A redeeming feature of the digital age is the shortening of time lags between when new technology first appears in developed countries and its adoption across the world. Sometimes developing countries leapfrog a generation – as India did with telecom – when we seamlessly skipped mass penetration of land lines to ubiquitous mobile phone penetration; or more recently when mobile-based payments have acquired greater acceptance than credit cards did over decades.
Much like this, artificial intelligence, machine learning (AI, ML) and robotics technologies are silently but increasingly automating work tasks. Some of it is already in use. Email comes with filters and smart replies; maps and ride sharing apps use AI in route planning and pricing; online retailers use AI to understand your preferences and buying habits so they personalise your shopping experience. Music streaming sites provide AI-curated personalised playlists, and the 24-hour customer helpdesk you use online probably doesn’t have a human at the other end.
As voice and facial recognition continue to evolve, machine learning algorithms are getting more capable than ever. Deep neural networks now give AI the ability to learn – moving from doing tasks to solving problems independent of subsequent instructions. Venture capital funding of AI companies globally soared 72% last year, hitting a record $9.3 billion in 2018.

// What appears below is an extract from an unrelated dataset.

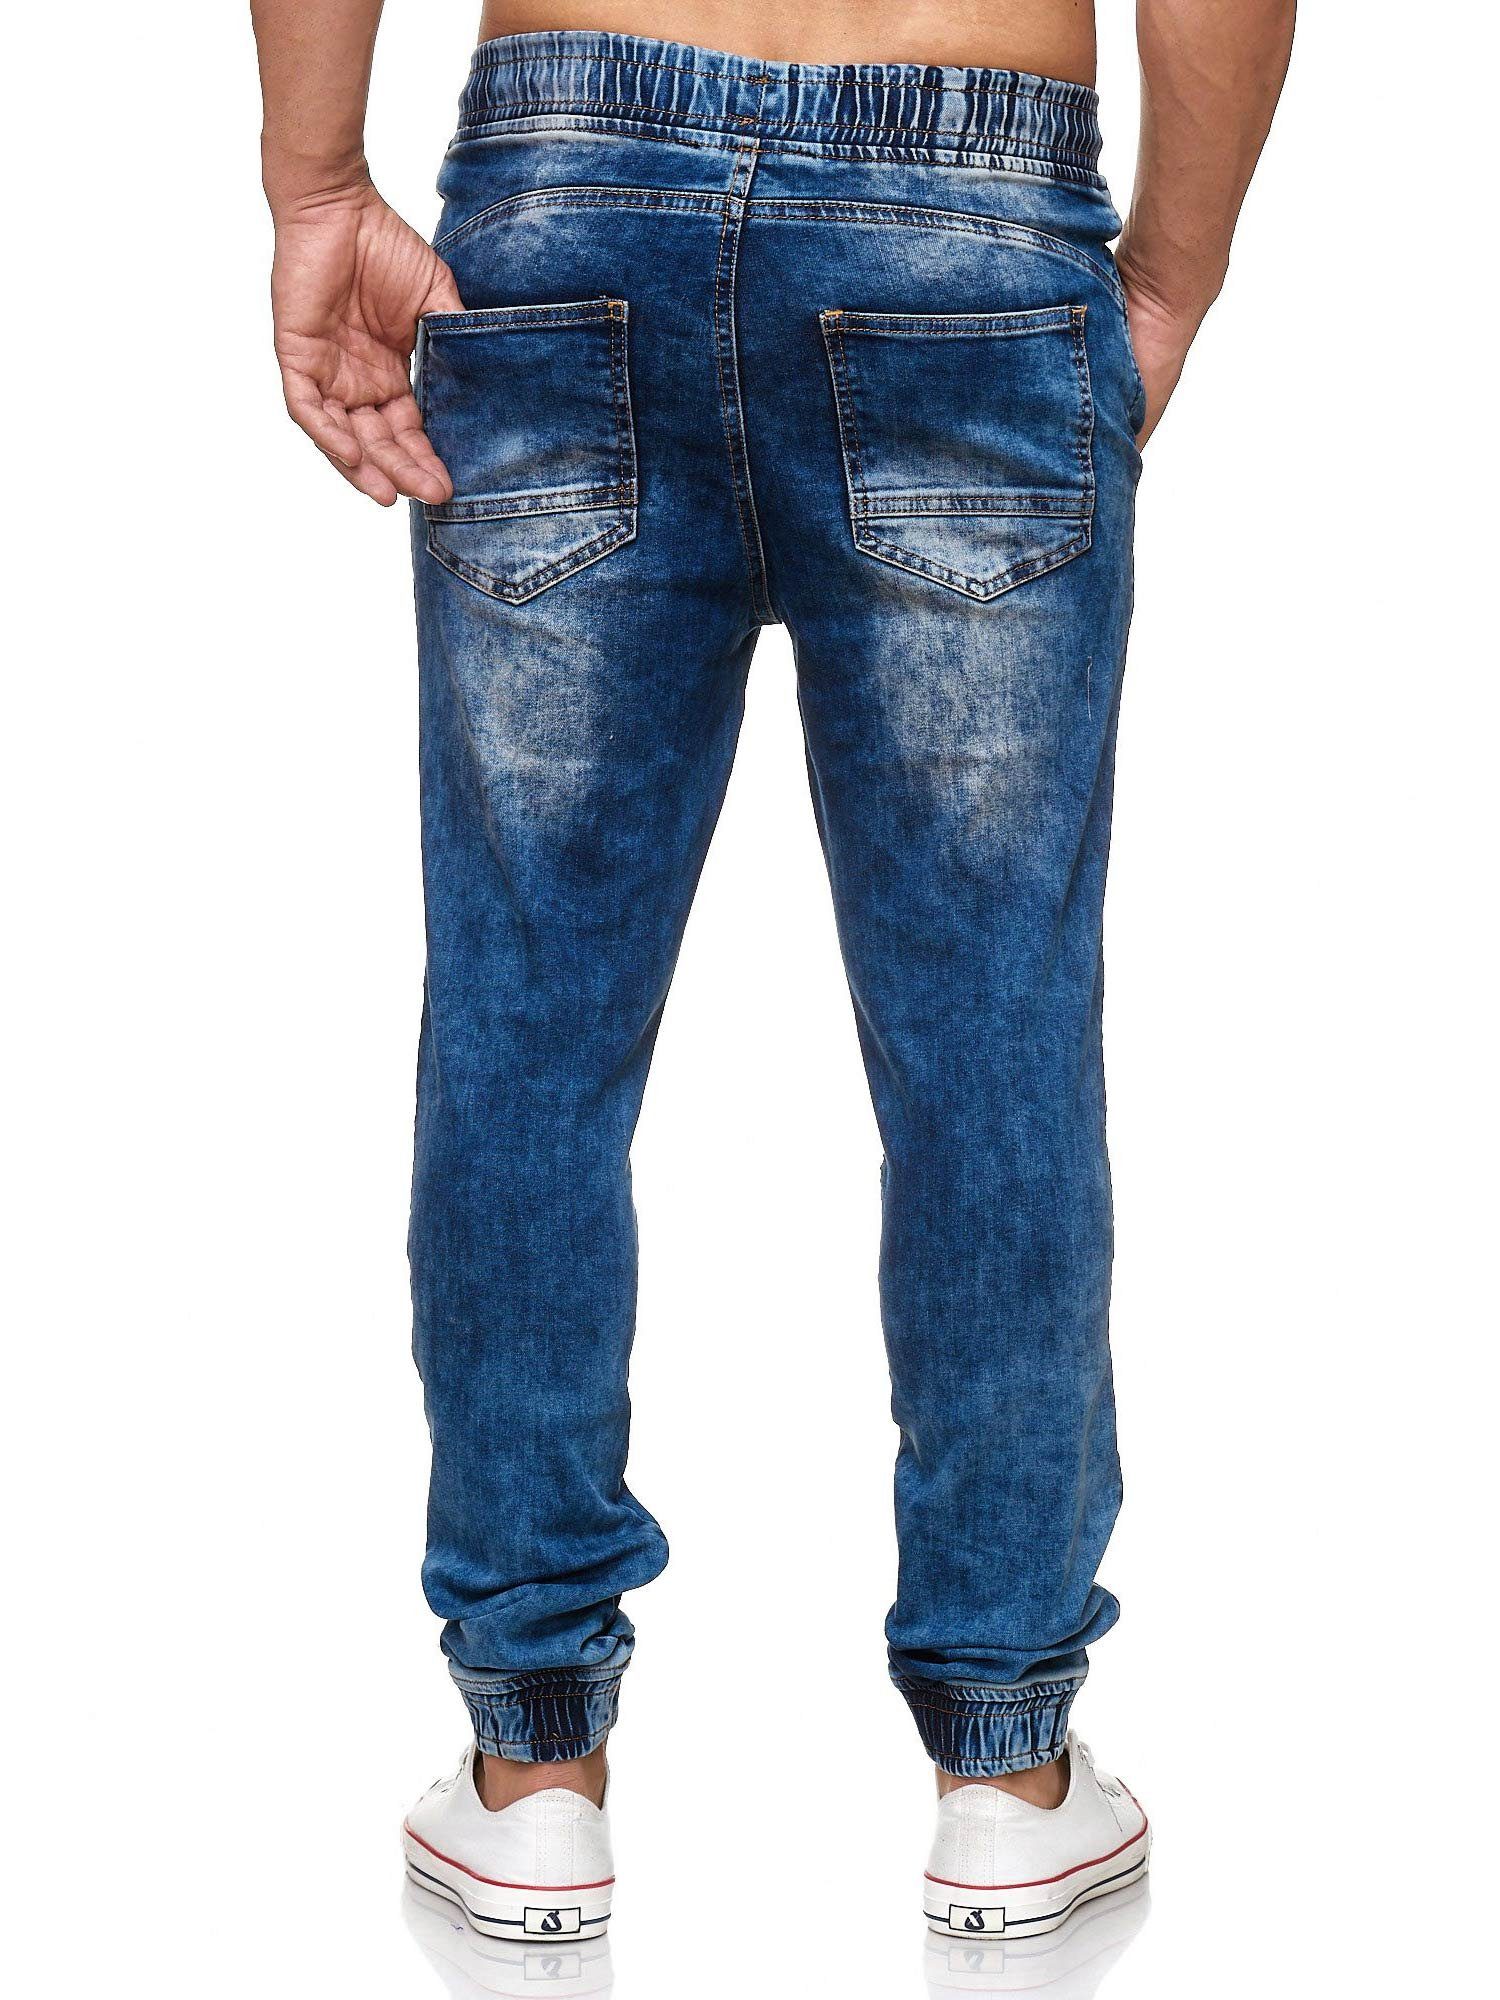 Tazzio Straight-Jeans 16505 Sweat Biker-Look blau im Hose Jogger-Stil &

But as AI becomes increasingly embedded in our society, it will change how we work and live. There is understandable fear that AI will cause disruption and take away jobs. Policy makers will need to address this given already existing concerns about rising unemployment. IDC predicts that by 2024, half of structured and repeatable tasks will be automated in workplaces, and 20% of knowledge workers will have AI-infused software or a digitally connected technology as a coworker. According to a McKinsey report, job profiles characterised by repetitive activities could experience the largest decline as a share of total employment from 40% to around 30% by 2030.
Policy makers will have to show bold leadership, and companies will have to address the mammoth task of skilling and reskilling people to work with AI. Individuals will need to adjust to a new world in which job turnover could be more frequent as they transition to new types of employment, and the likely necessity to continually refresh and update their skills to match a dynamically changing job market.